The NEA participation came about, notes NEA National Council for Higher
Education President Roger Knutsen, when conference organizers realized that
few faculty were among the initial invitees.
The conference aimed to produce a World Declaration on Higher
Education for the Twenty-first Century, an agenda for post-secondary
education in the century ahead.
NEA delegates at the conference worked to strengthen the declaration's
language on faculty rights, academic freedom and autonomy, and UNESCO's
commitment to accessible higher education for all.
For more on the conference, check the Web at
www.education.unesco.org.
Registration forms for the 1999 NEA Higher Education Conference must
be completed by January 29, 1999 to guarantee your registration.

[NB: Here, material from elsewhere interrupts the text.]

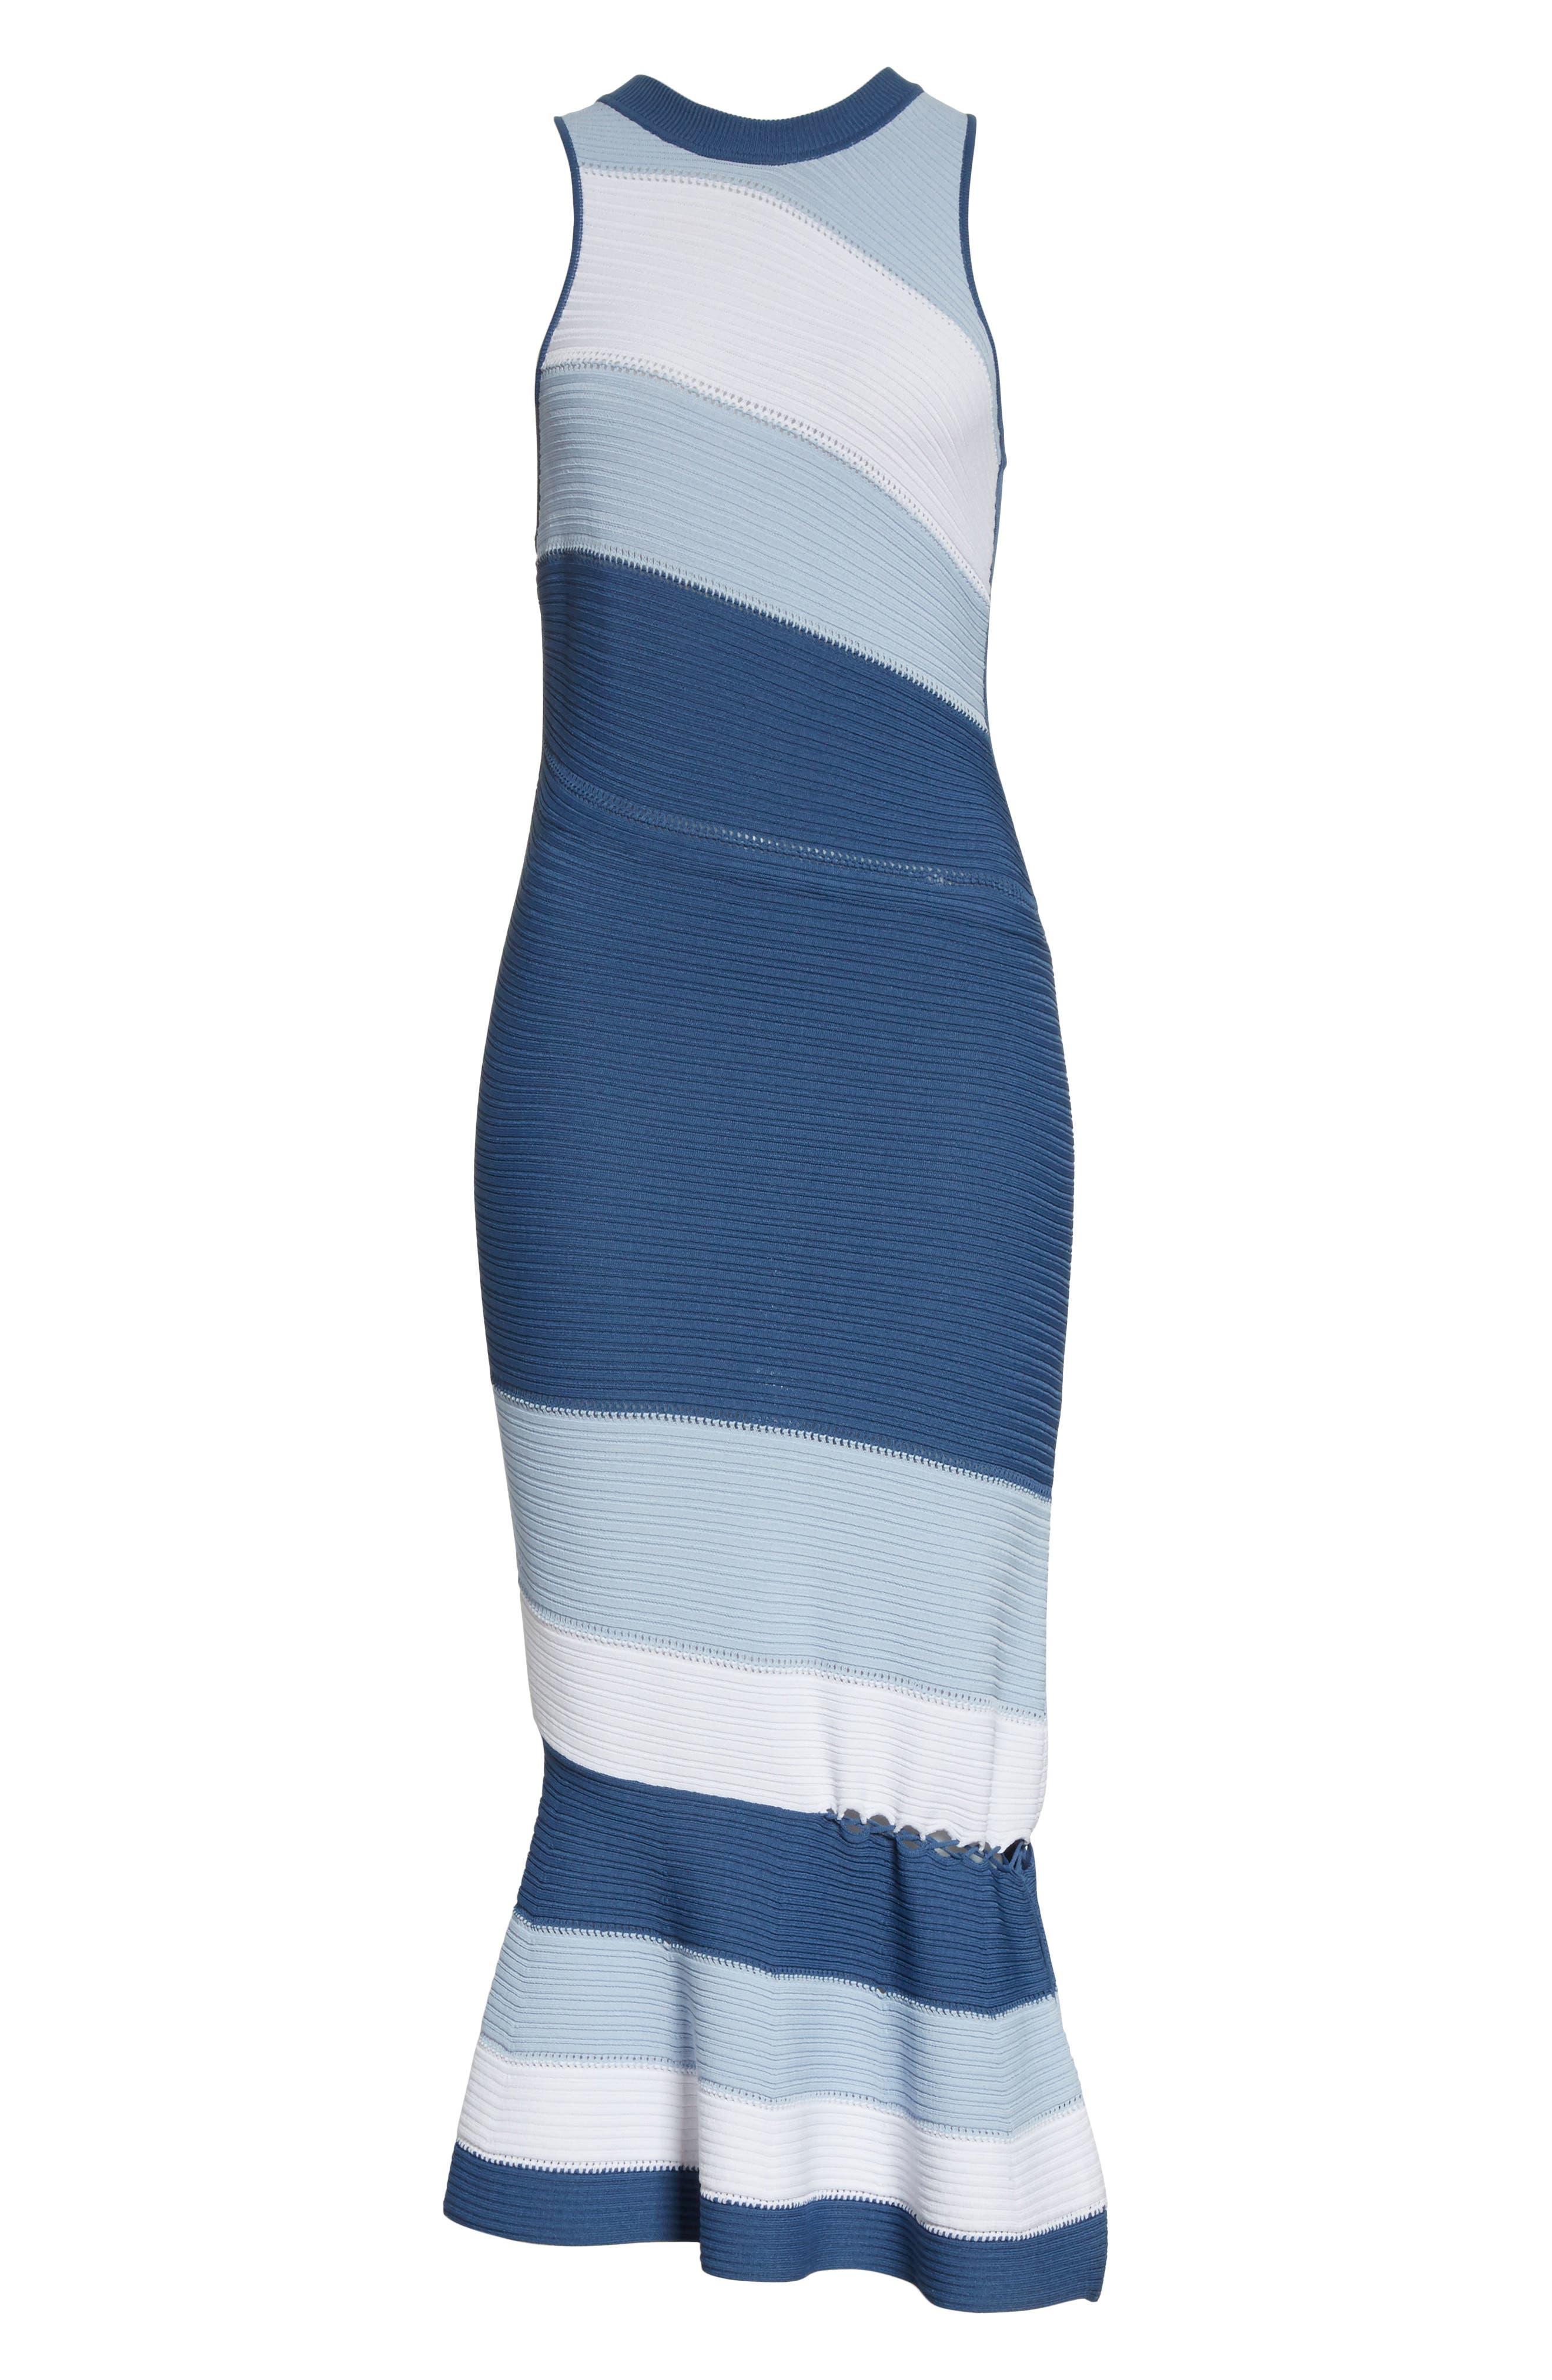 Linked Asymmetrical Dress,                             Alternate thumbnail 6, color,                             478

You can download the registration forms from the NEA Higher Education Web
site: www.nea.org/he.
The conference will be held on March 5-7 in San Antonio, Texas.
Keynote speaker Silas Purnell from the Ada S. McKinley Community Services
Center in Chicago has placed more than 40,000 minority students into
colleges and universities around the United States. He'll talk about how
higher education can do better.
Find out more about conference sessions at: www.nea.org/he/conf99/session.html.
Education Minnesota, a new association of educators created by a
merger between the Minnesota Education Association and the Minnesota
Federation of Teachers, is now an official affiliate of the National
Education Association and the American Federation of Teachers.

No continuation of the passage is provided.